Вообще-то Купцов изначально планировал взять напарника тепленьким и, используя эффект неожиданности, с пристрастием поговорить. Высказать всё, что думает о методах напарника и о нем персонально. Но — какое тут «строго»? Как глянешь на эту физиономию со «спецэффектом» — так сразу и руки опускаются, и язык отнимается.
Так что Леонид решил отложить разговор по душам на «опосля», а сейчас как бы нейтрально поинтересовался:
— А где ваш захваченный «язык»?
— «Язык» в состоянии глубокого алкогольного «наркоза». В коем, я так думаю, продолжит пребывать еще часика три-четыре, — объяснил Петрухин. — Я их — Мирошникова и нашу славную компашку — по дороге возле «Феникса» сгрузил. Вот сейчас умоюсь, малость себя в порядок приведу, переоденусь и тоже туда двину.

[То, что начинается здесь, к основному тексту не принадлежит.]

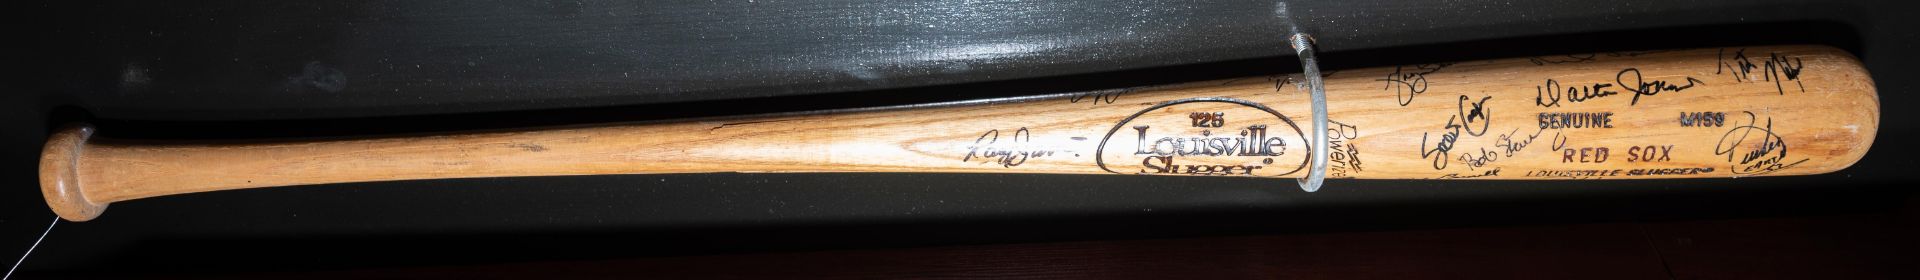 Red Sox Team Bat; Dalton Jones, and assorted , Cracked Louisville Slugger with Mount

— Дви-НЕМ, — уточнил Купцов.
— Ну да, конечно. Двинем… Ладно, Лёнька, я в сортир — просраться и умыться, а ты пока… — Дмитрий порылся в сумке, достал покореженную видеокамеру и положил на стол Купцова. — Попробуй аккуратненько кассету достать и посмотреть: все ли там сохранилось?
— Однако! Вы чего с казенным имуществом сотворили?
— Это не мы. Это гаденыш Мирошников камеру разбил. Сука такая!.. В общем, будет очень печально, если сей эмоциональный вещдок не запустится.
Кассета с записью «интервью» Мирошникова, слава богу, запустилась. Ничего из ряда вон неожиданного «интервью» не содержало. За исключением, разумеется, концовки. Оч-чень была увлекательная концовка — так что Леонид посмотрел ее трижды. А потом и четвертый раз, в замедленном воспроизведении. Не потому, что режиссура или, например, операторская работа оказались хороши — отнюдь. Купцов пересмотрел эти исторические кадры исключительно потому, что те давали наглядное представление о технологии изготовления петрухинского «спецэффекта».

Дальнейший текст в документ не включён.